EXERCISE REQUIREMENTS =
Please copy out the full listing that follows exactly; no picture belongs in the copy.

DATA BELOW =

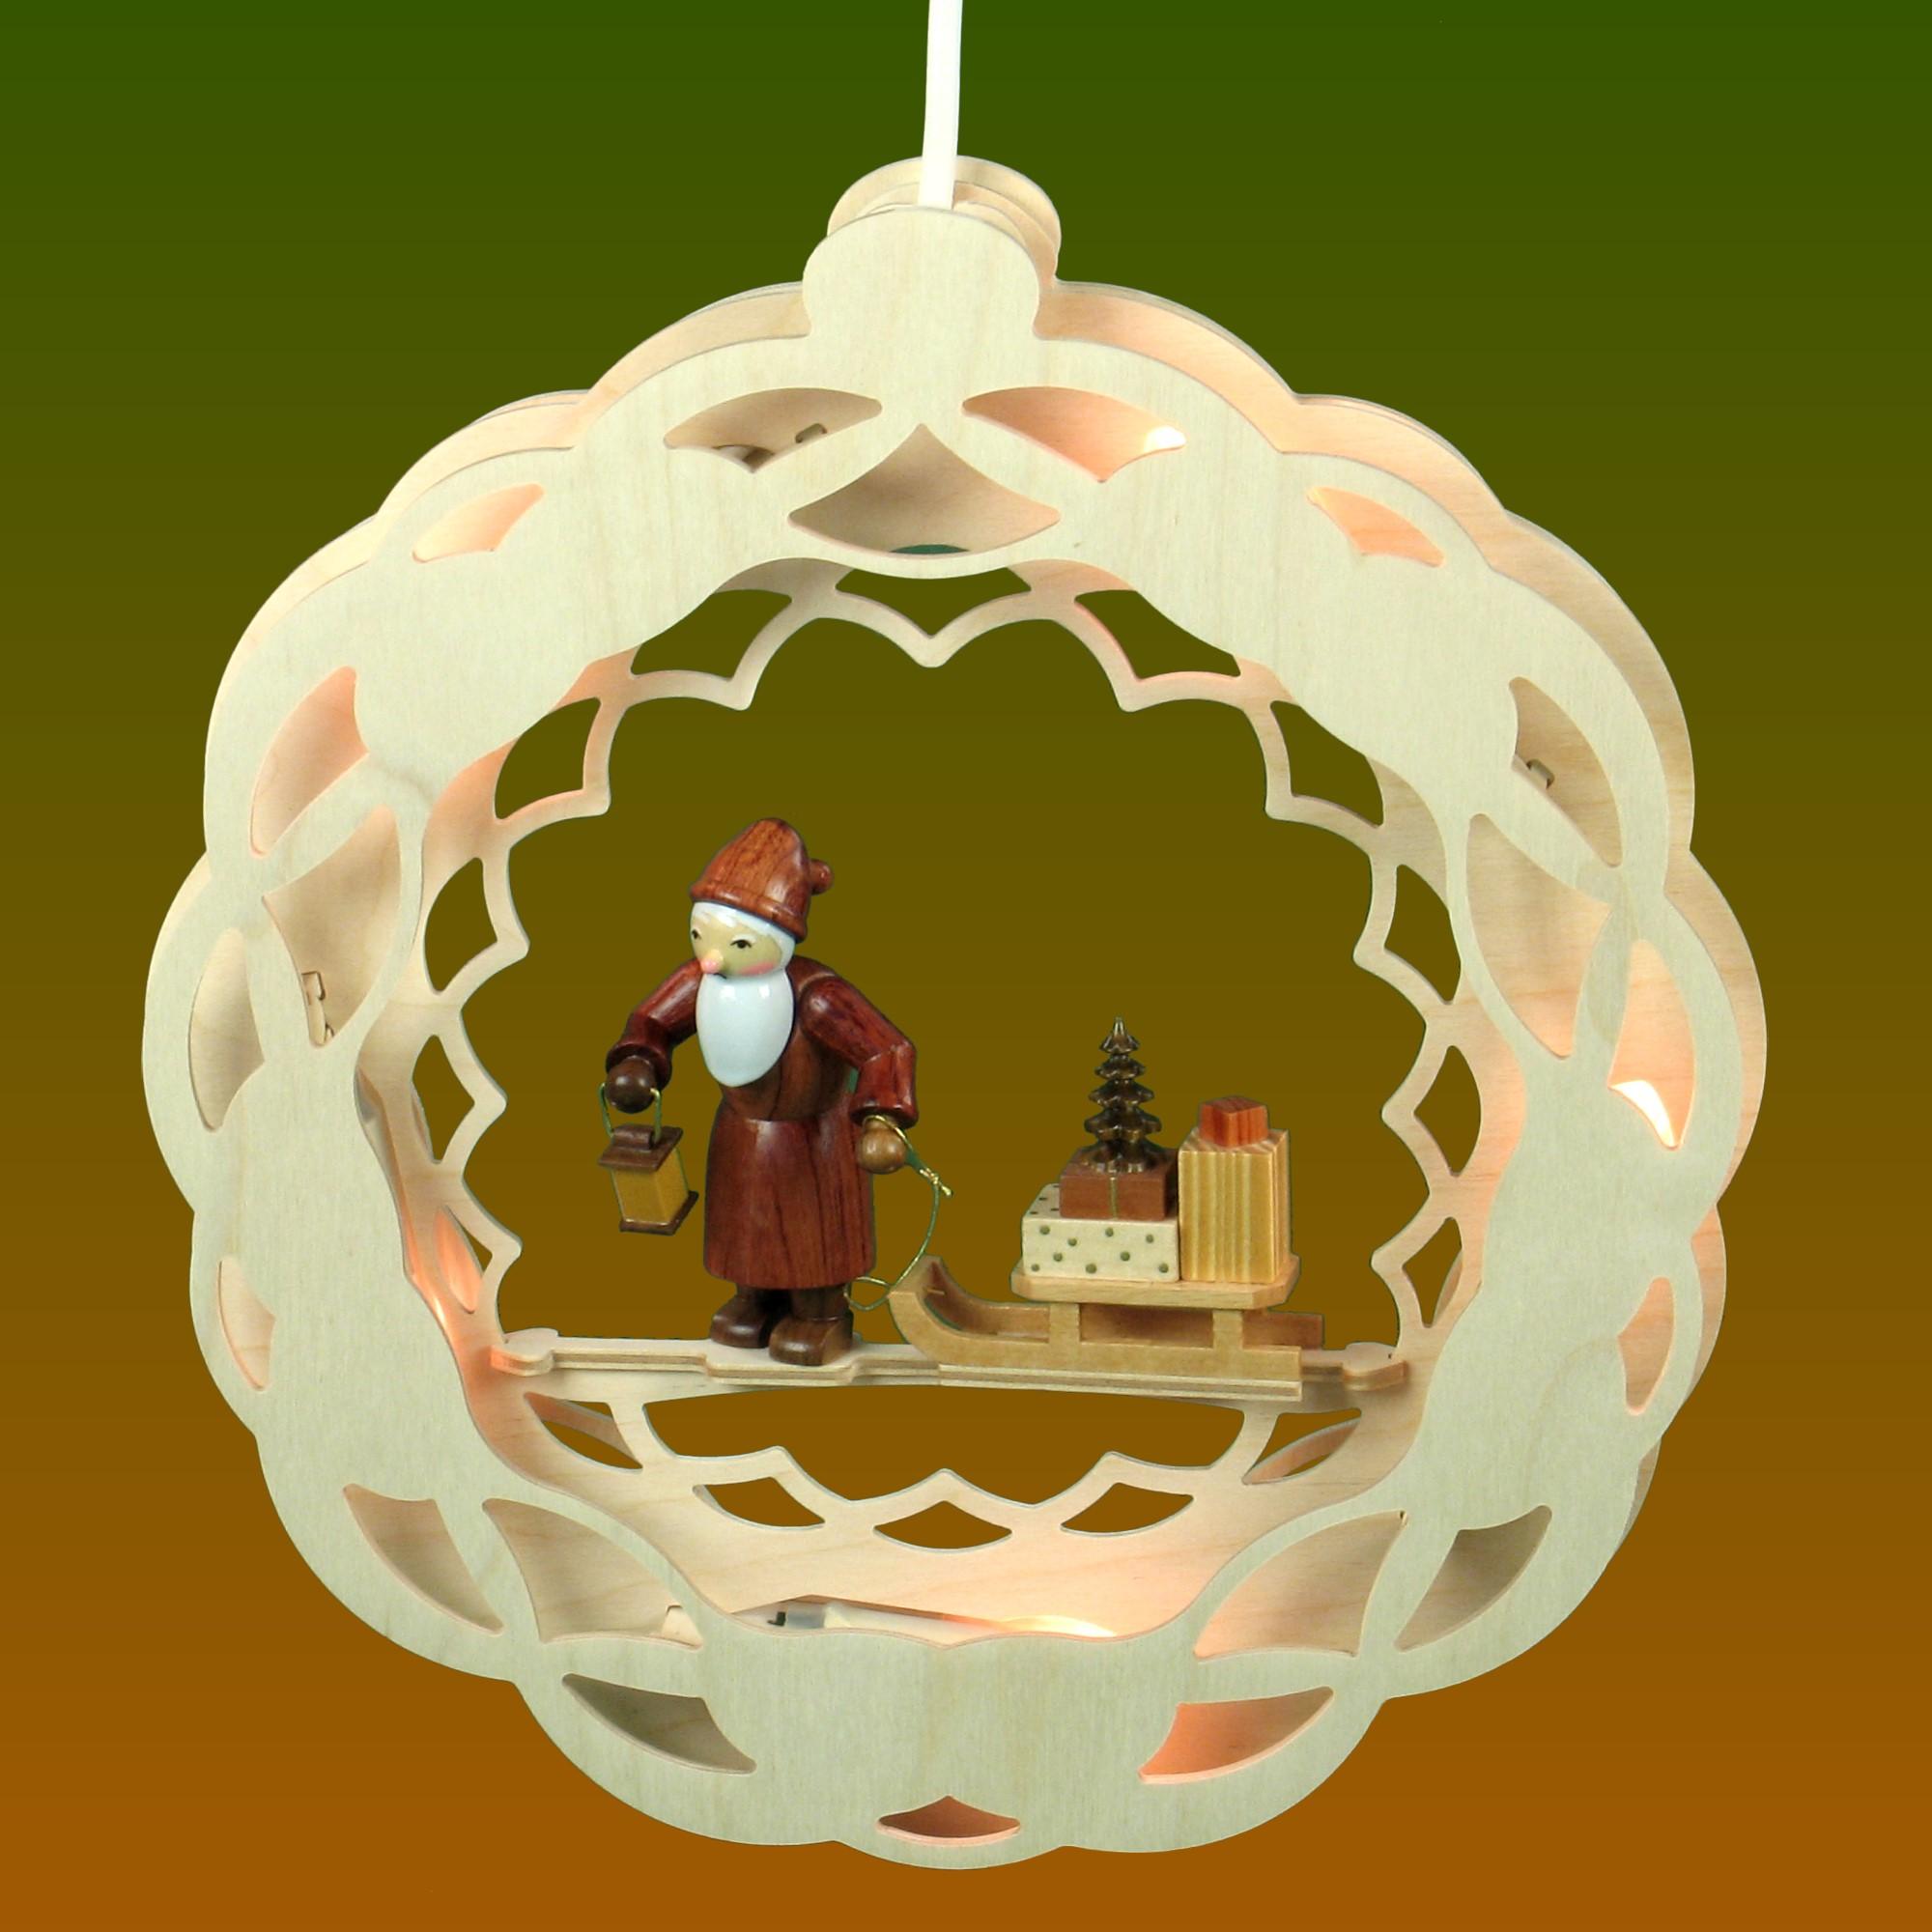 weihnachten erzgebirgische volkskunst schnitzer h usl. Black Bedroom Furniture Sets. Home Design Ideas
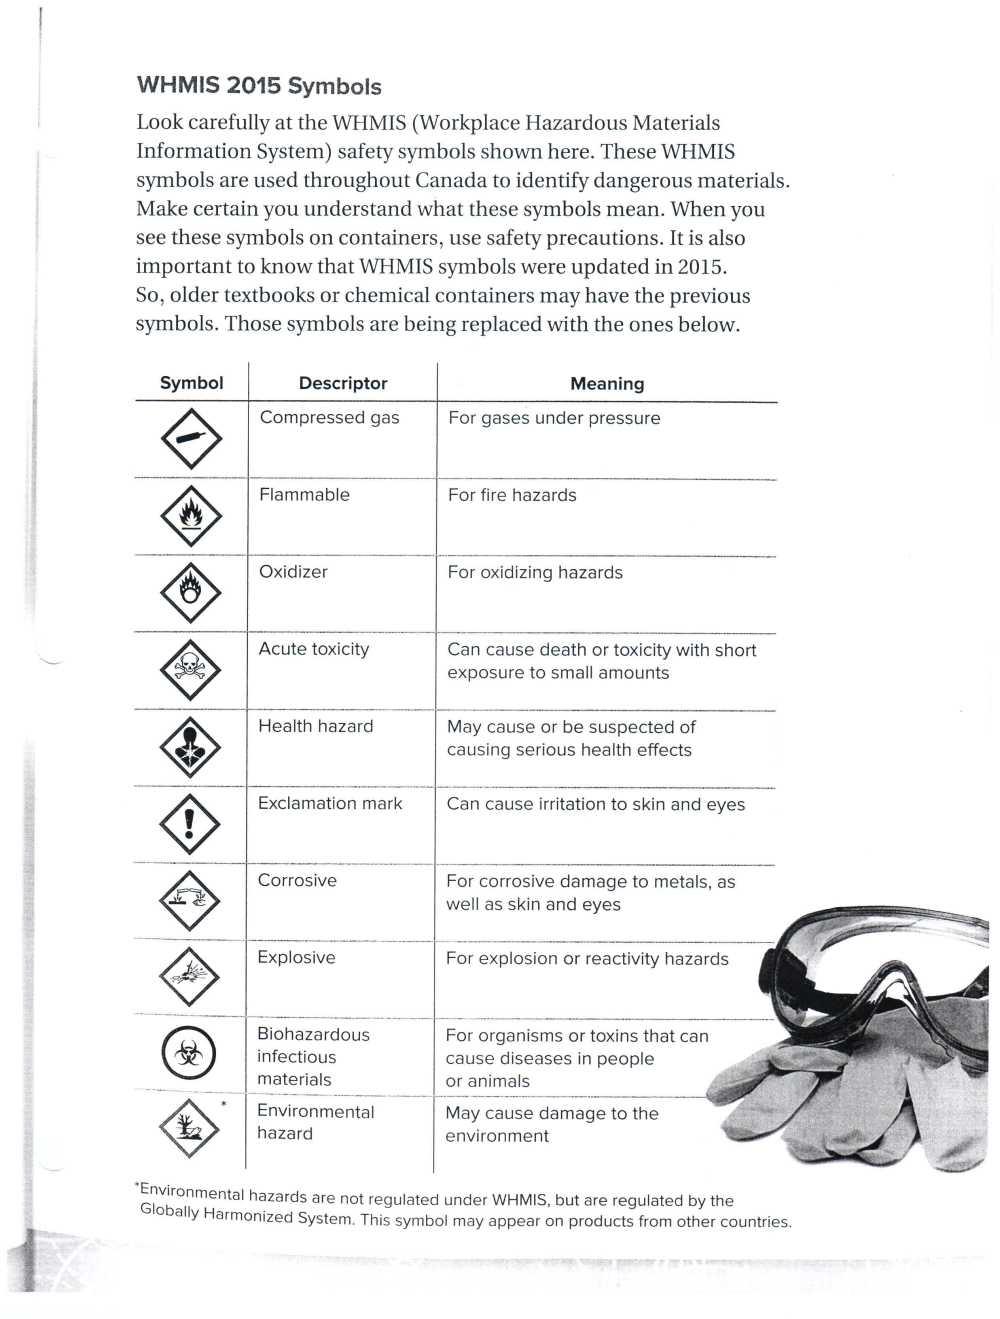 medium resolution of Lab Safety Symbols Worksheet - Nidecmege
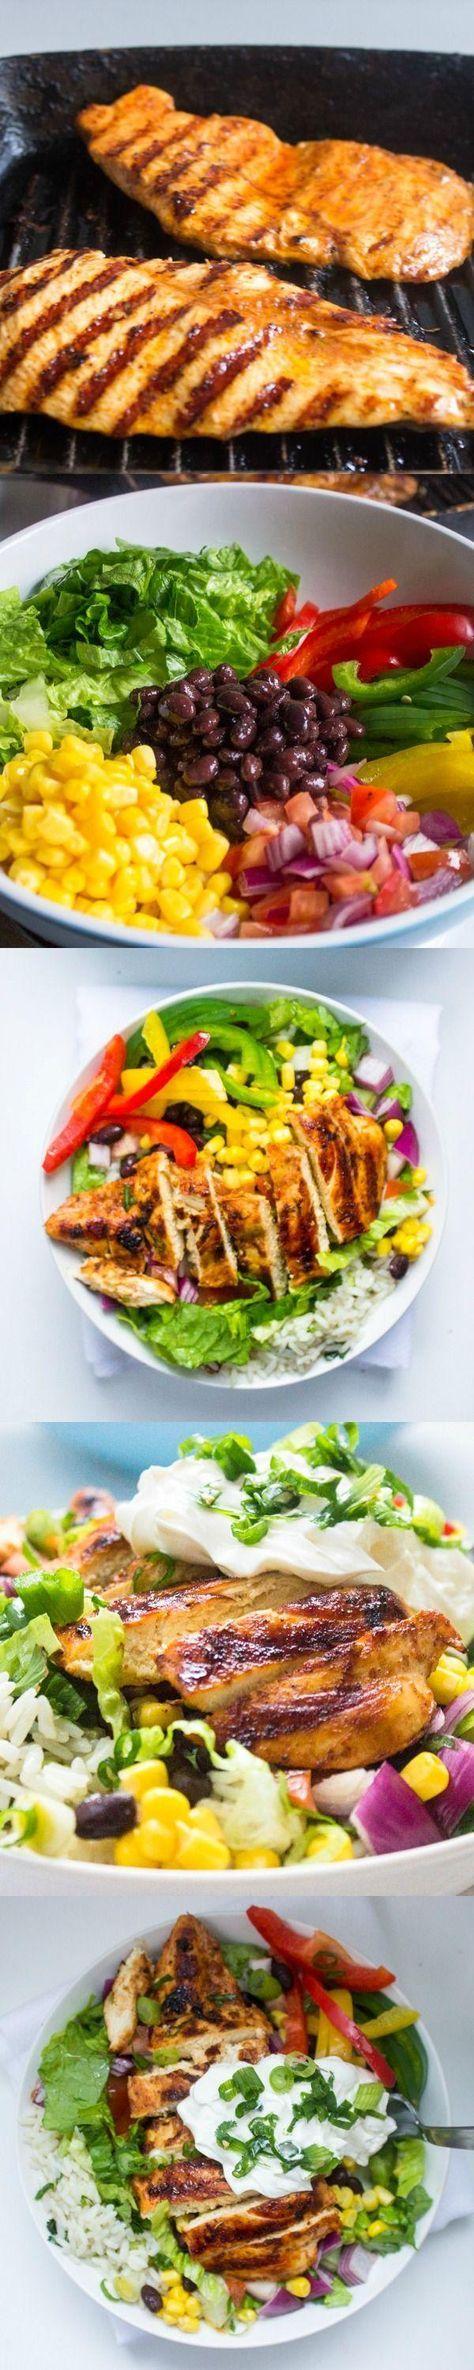 Chipotle chicken salad bowl
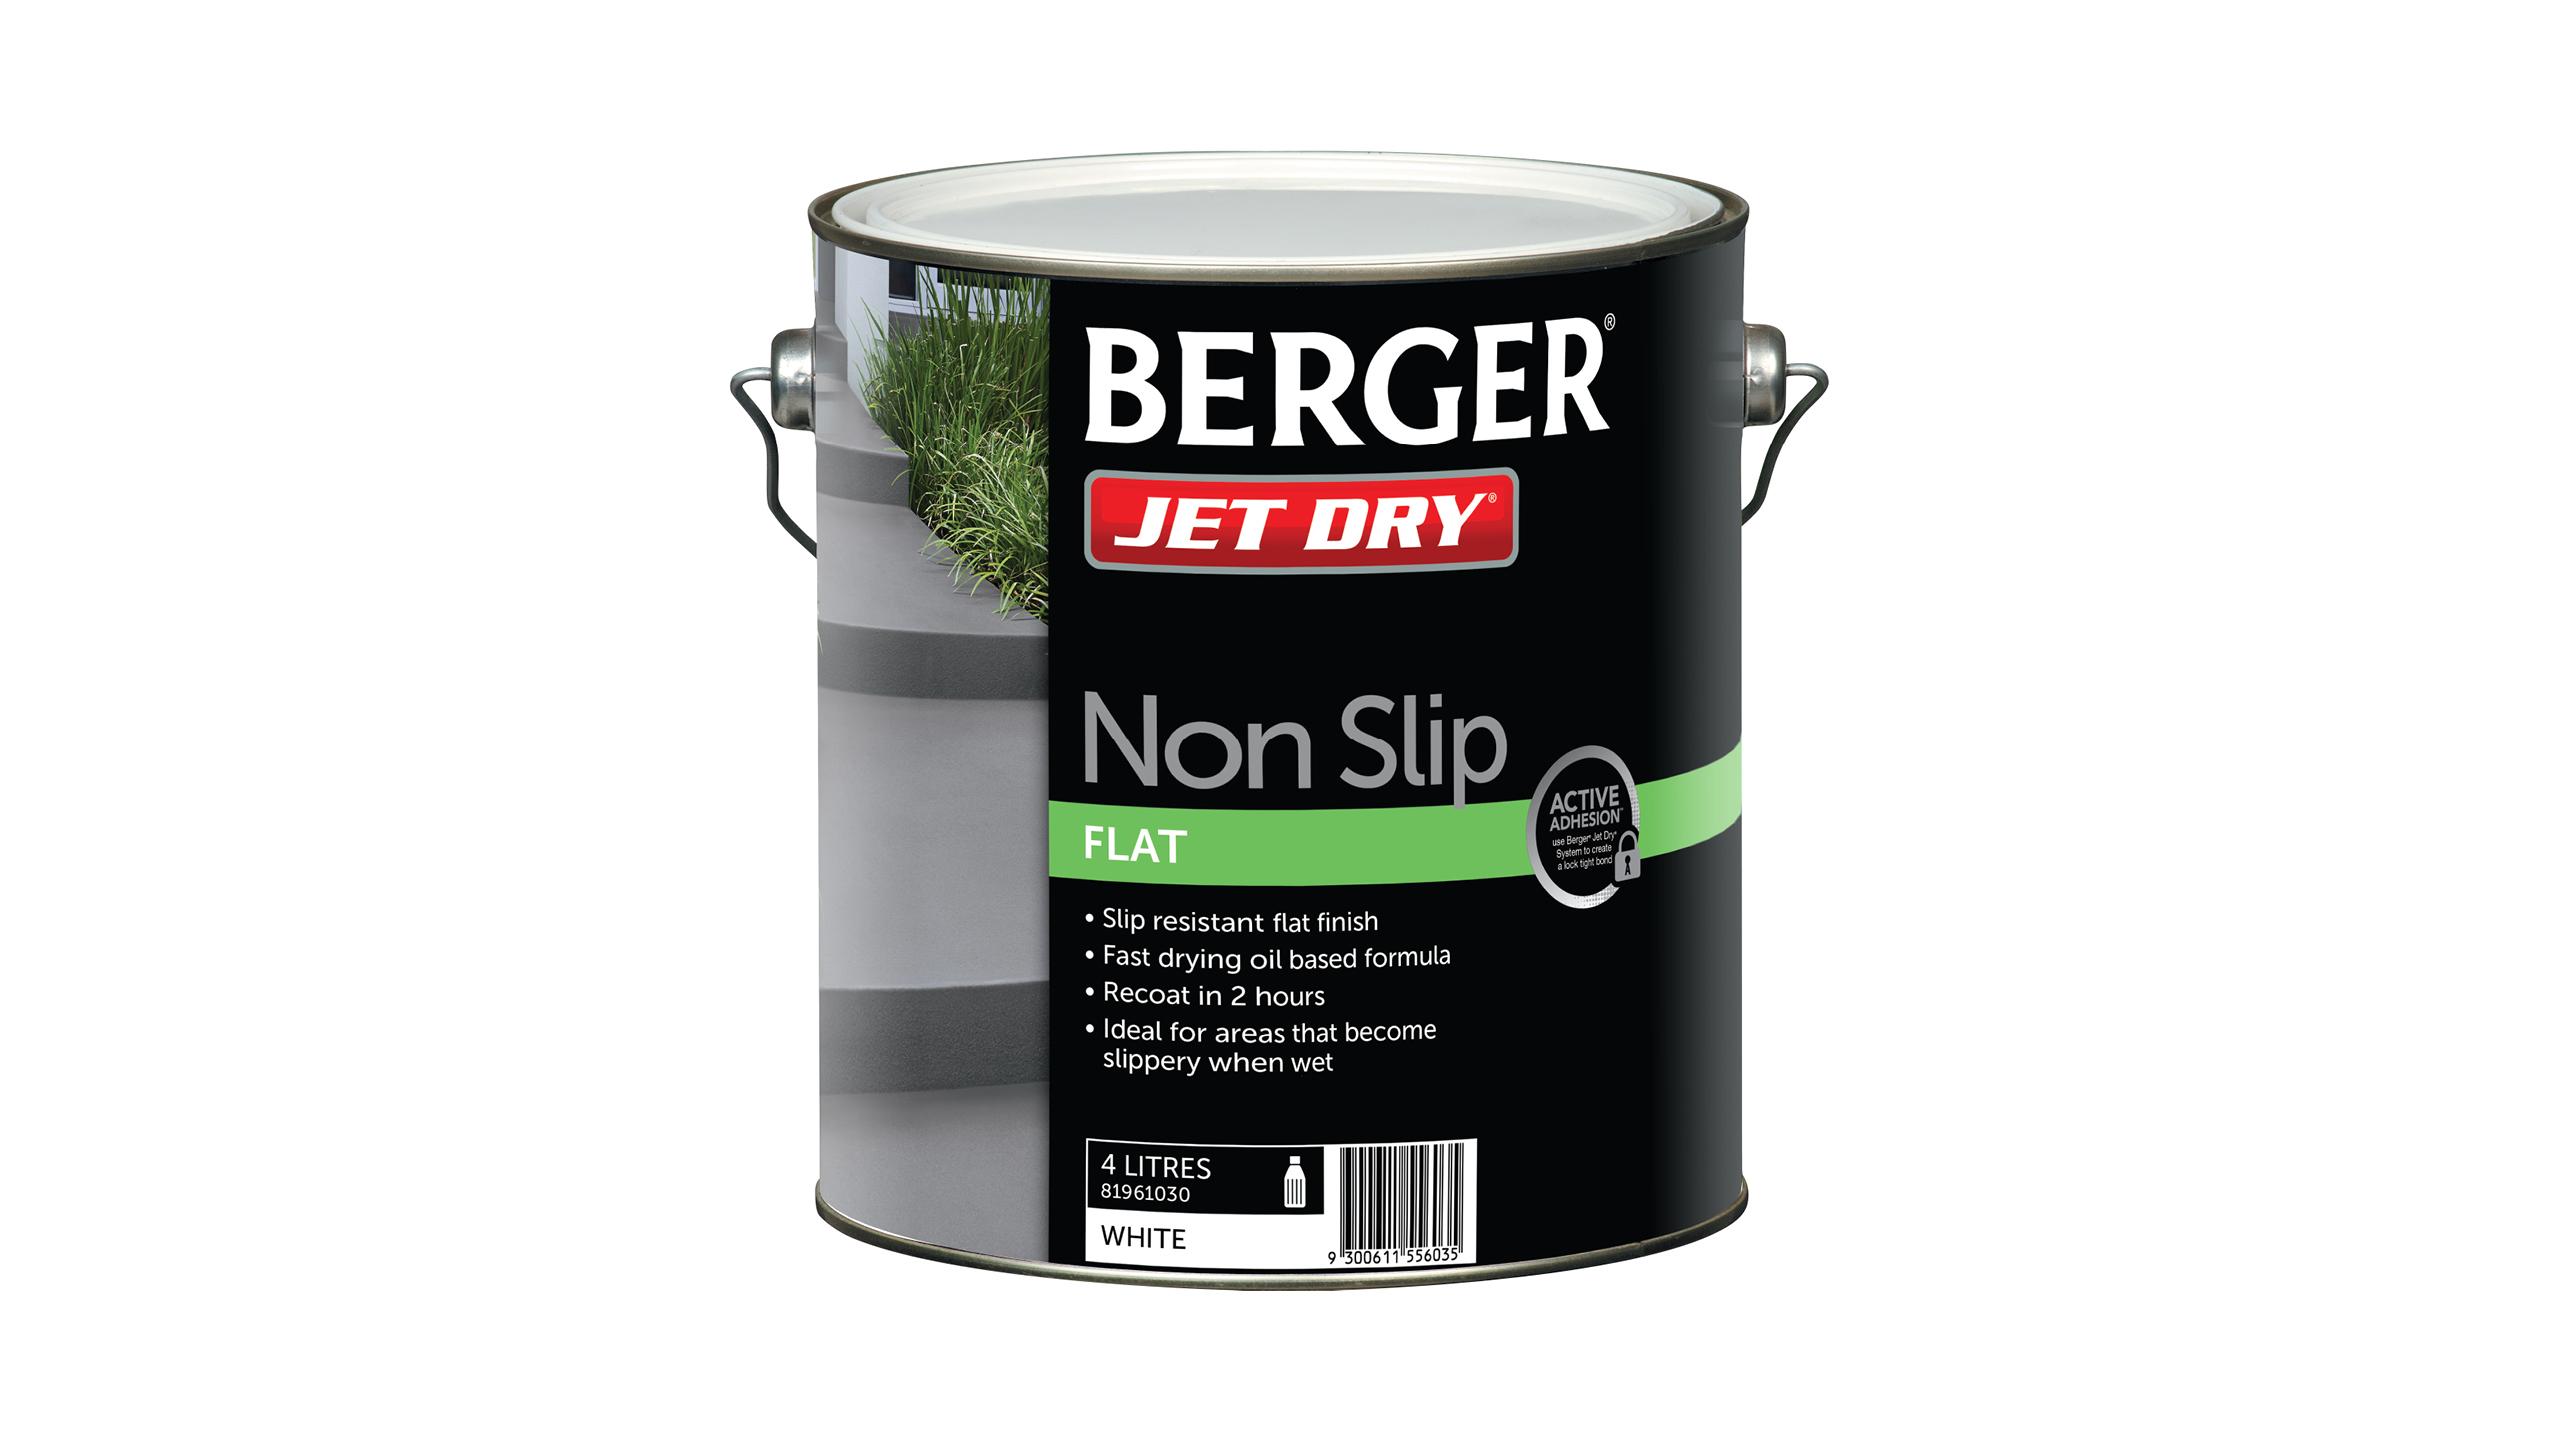 berger jet dry instructions

RESULT OF THIS EXERCISE =
 weihnachten erzgebirgische volkskunst schnitzer h usl. Black Bedroom Furniture Sets. Home Design Ideas
 medium resolution of Lab Safety Symbols Worksheet - Nidecmege
 Chipotle chicken salad bowl
 berger jet dry instructions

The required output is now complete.